→ Task to carry out: Each entry below should be written out exactly as it is, with no pictures.

[Saved data entries]
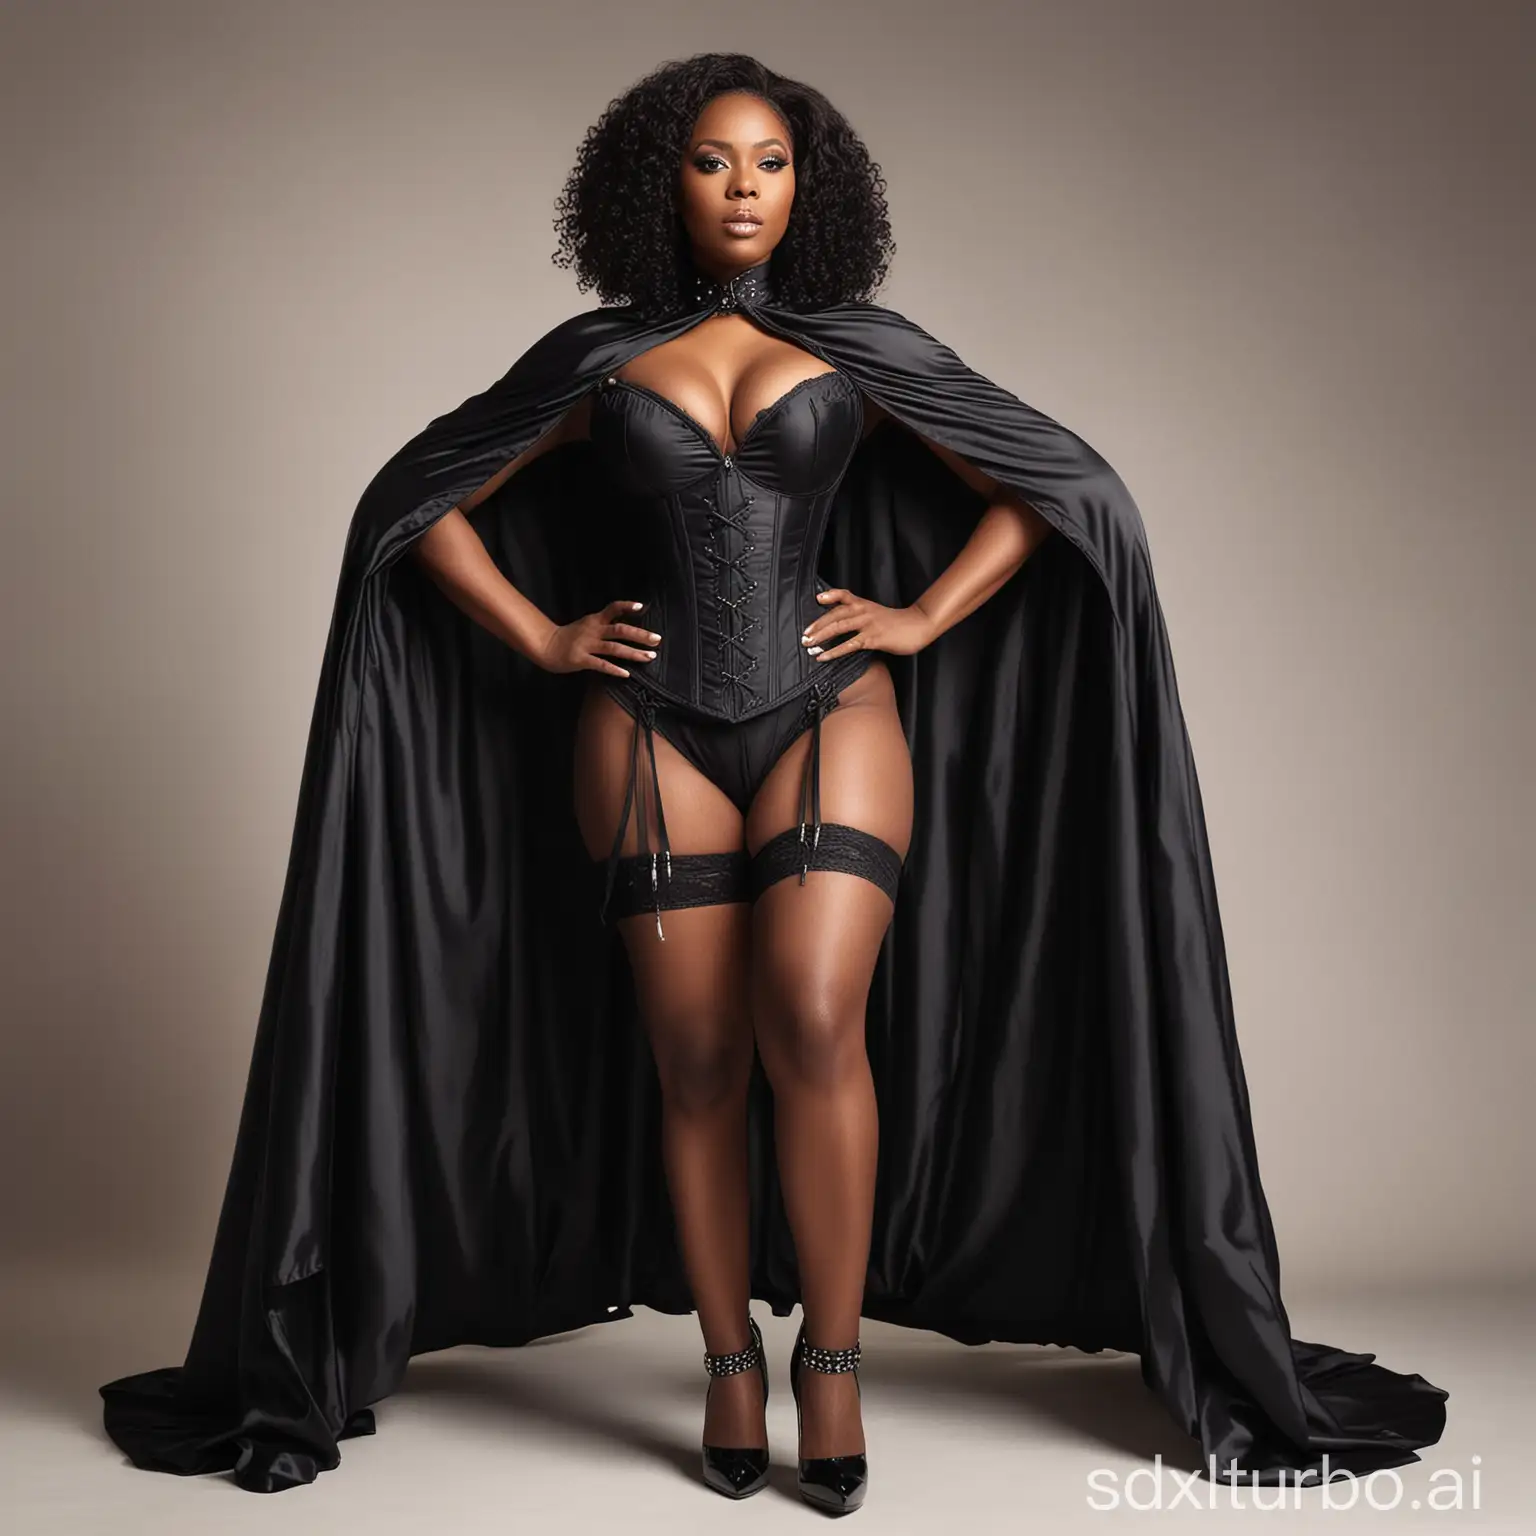 Sultry-Black-Woman-in-Gothic-Attire-with-Striking-Features
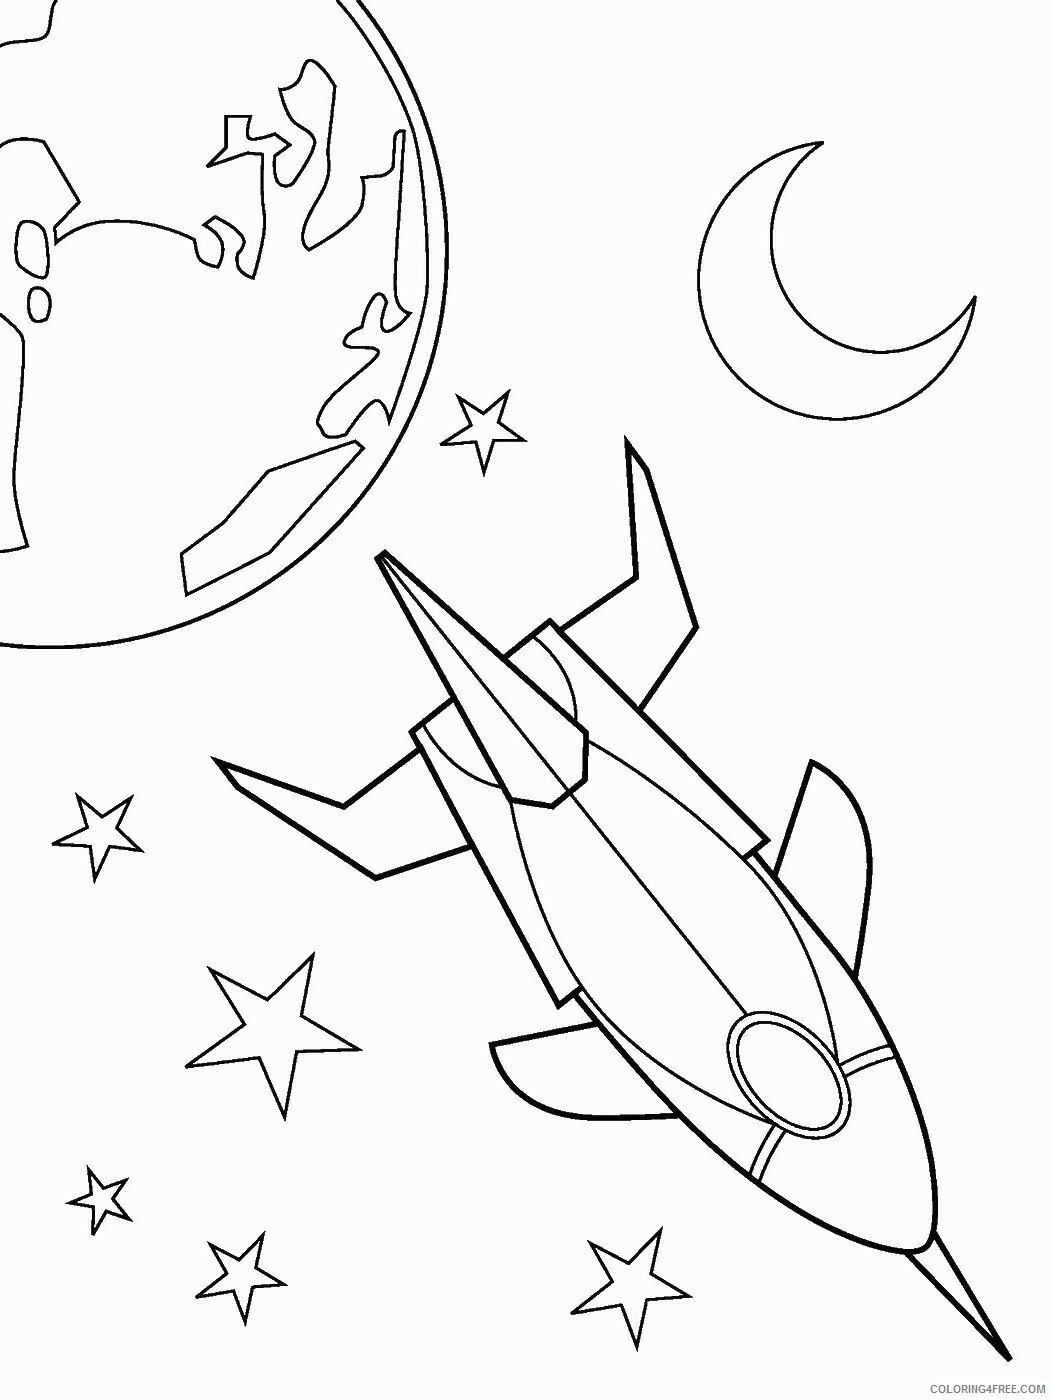 Space Coloring Pages space_031 Printable 2021 5646 Coloring4free
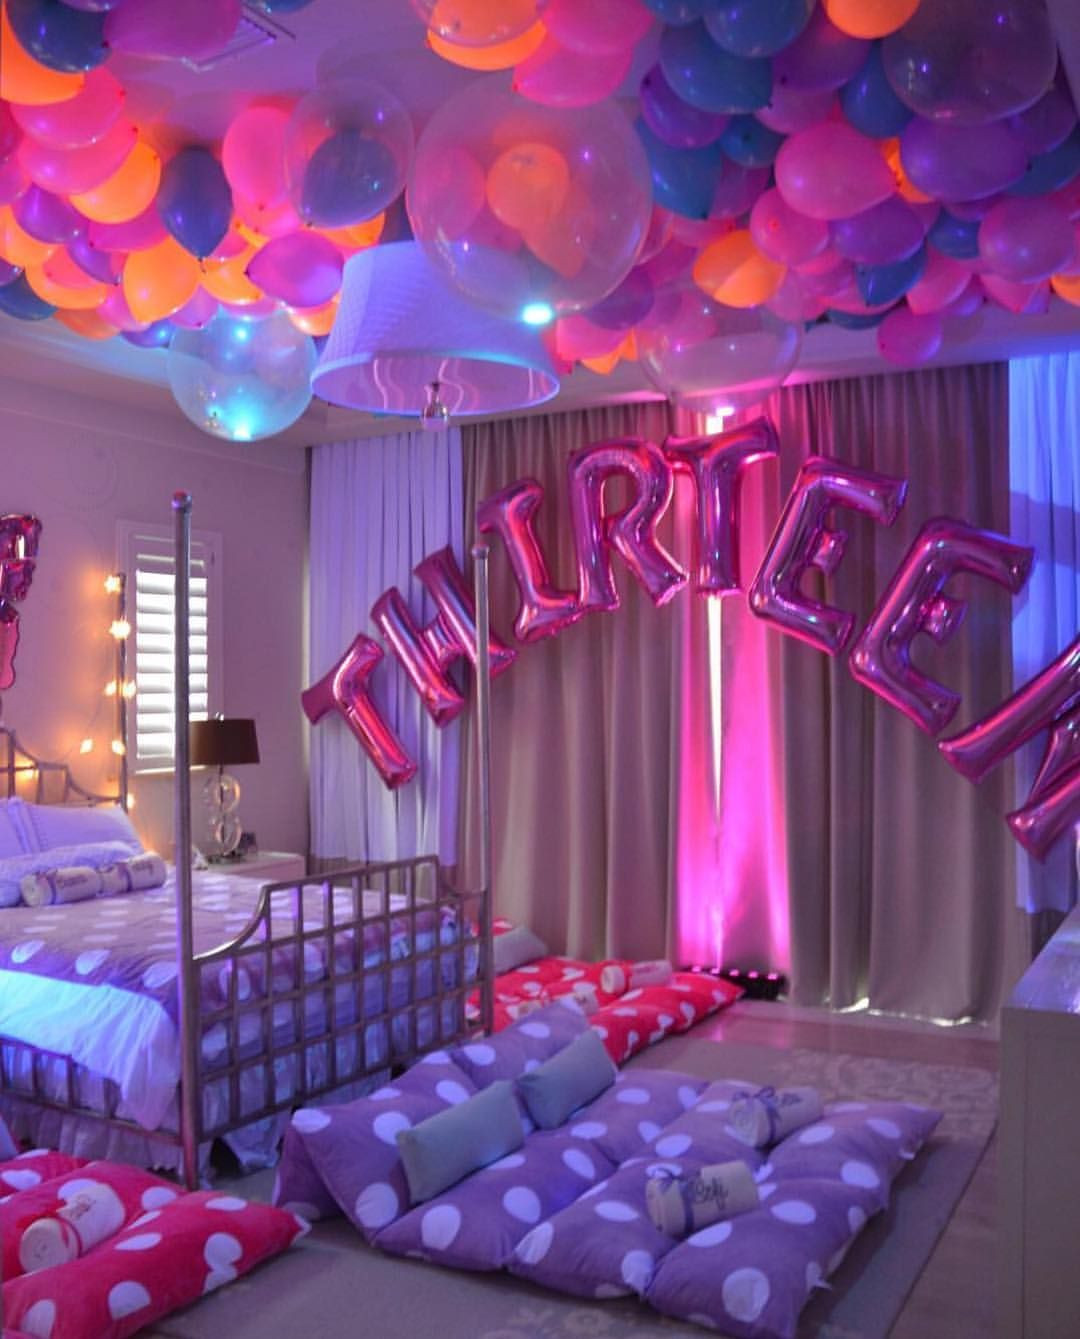 13 Birthday Party Themes
 The cutest birthday look for a 13 year old girl by Center
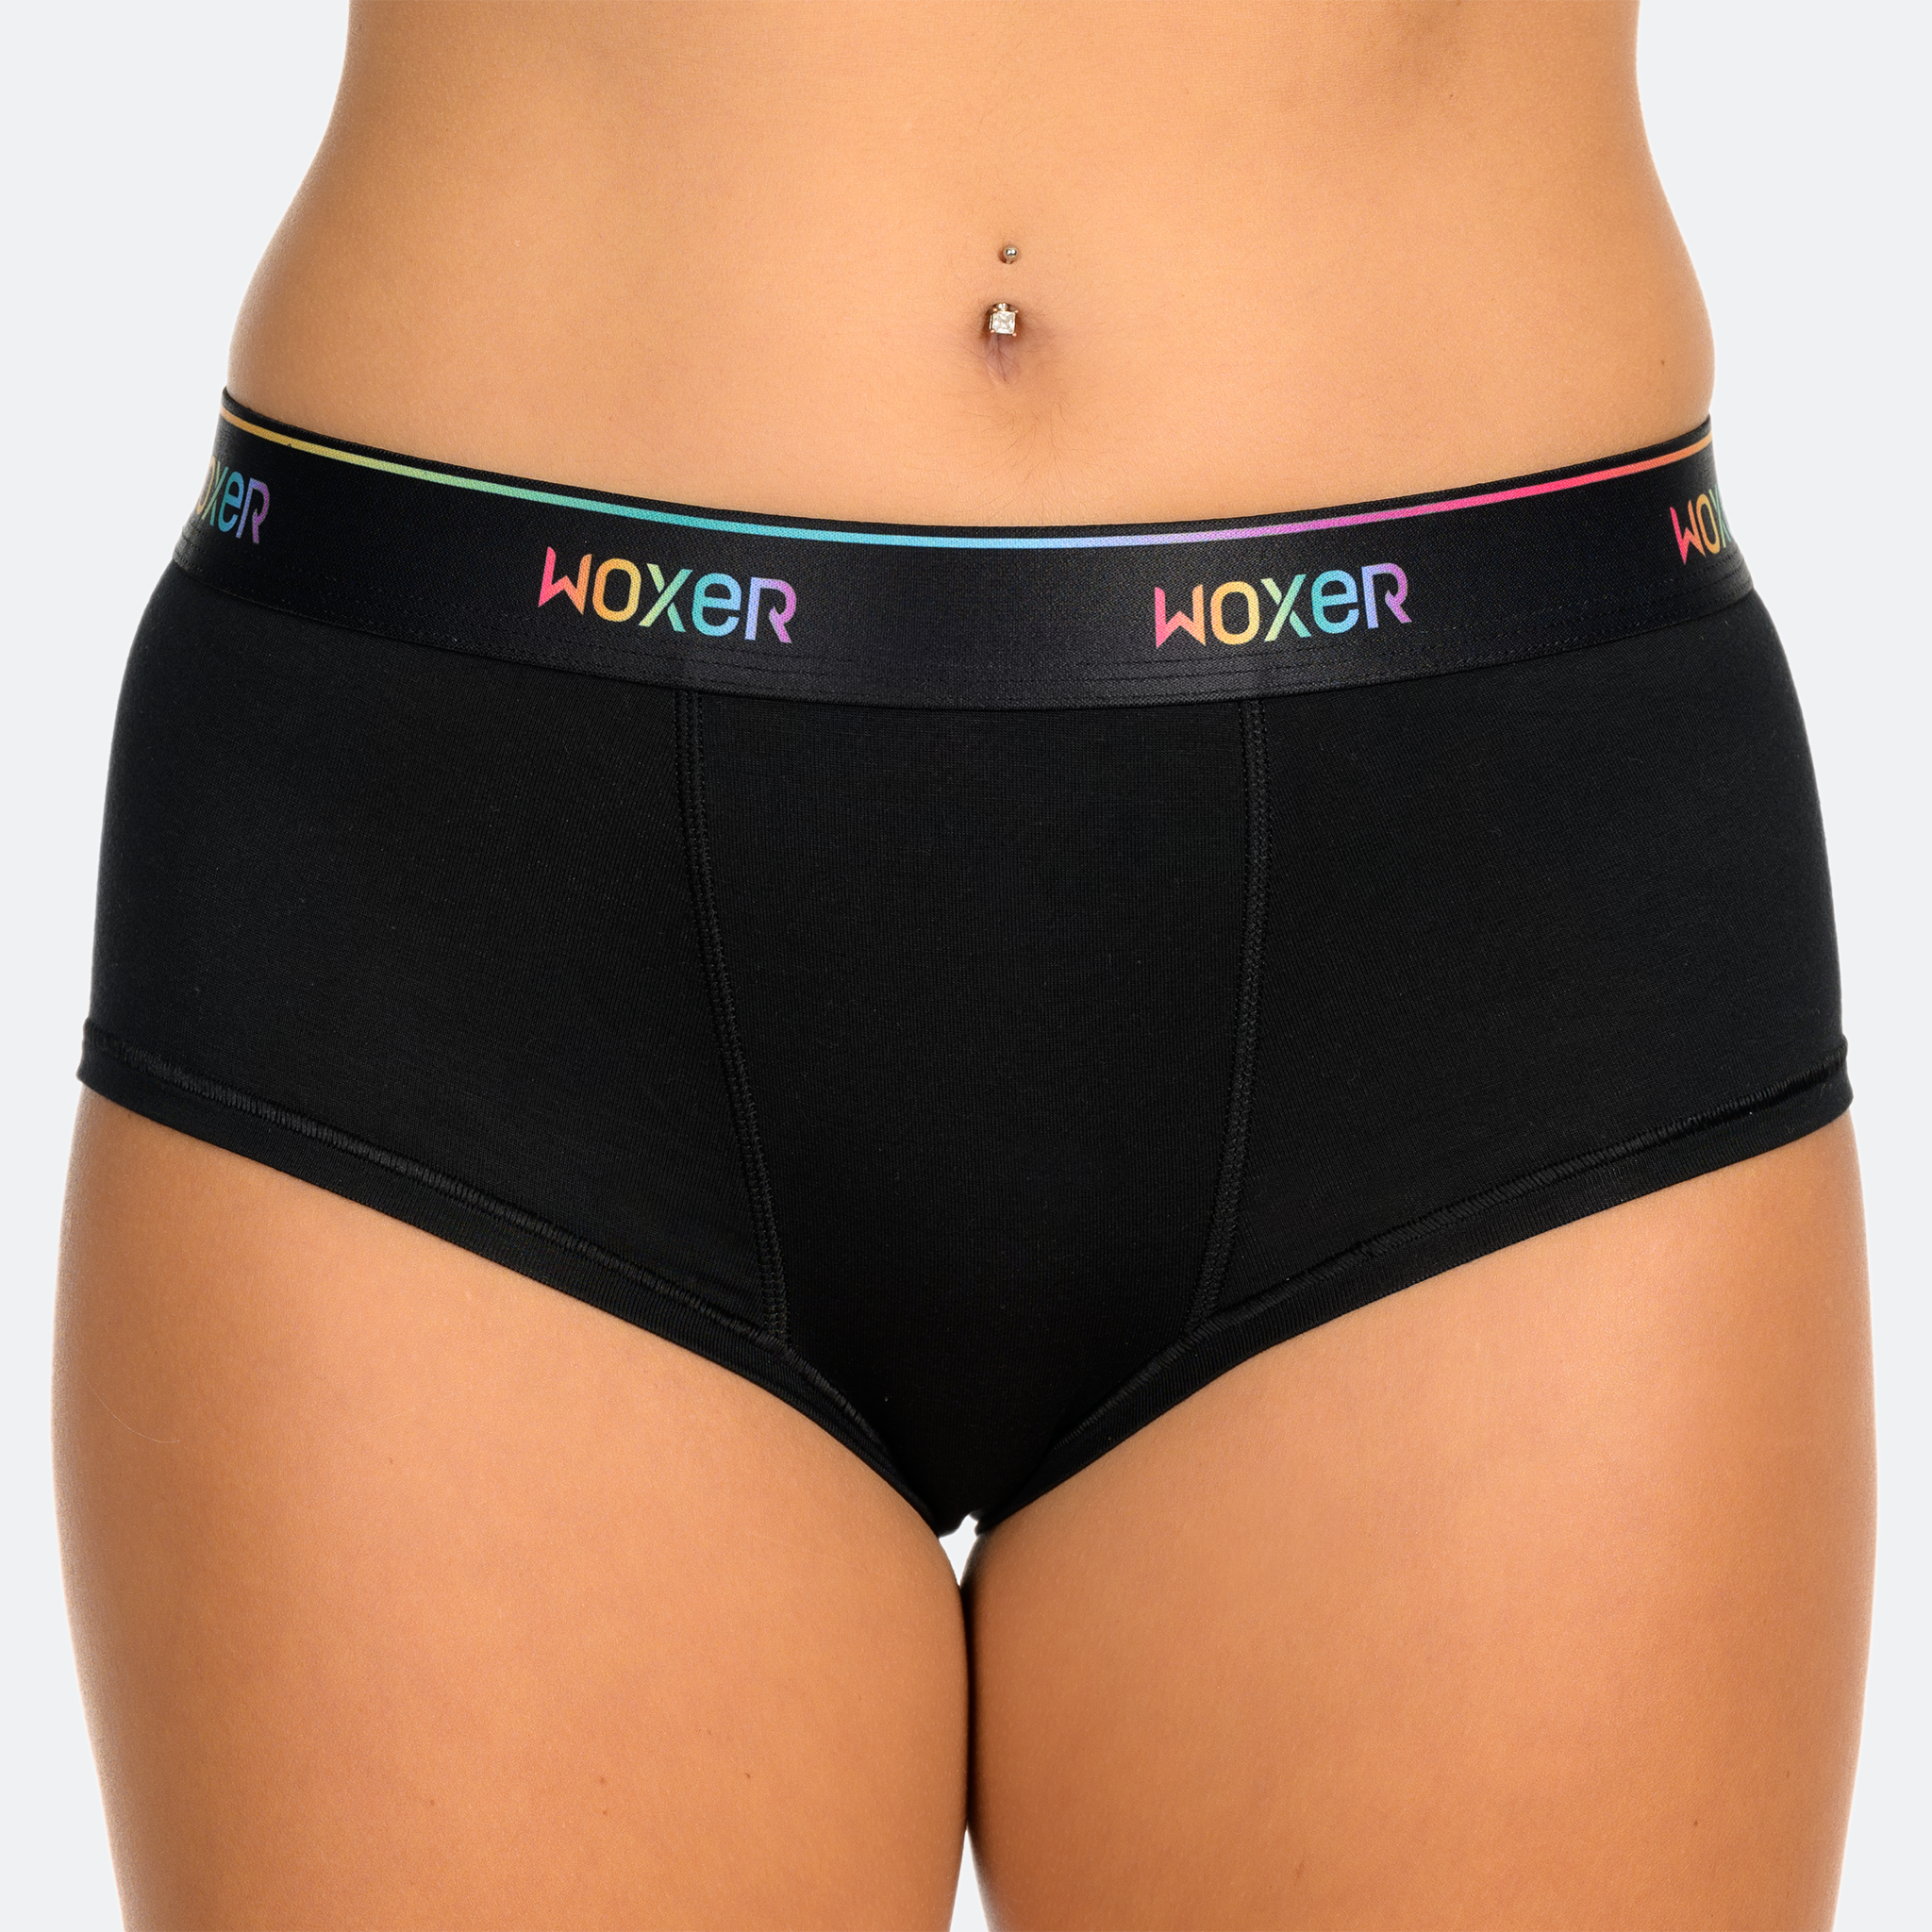 Boxer classic heather charcoal

→ Task result:
 Sultry-Black-Woman-in-Gothic-Attire-with-Striking-Features
 Space Coloring Pages space_031 Printable 2021 5646 Coloring4free
 13 Birthday Party Themes
 The cutest birthday look for a 13 year old girl by Center
 Boxer classic heather charcoal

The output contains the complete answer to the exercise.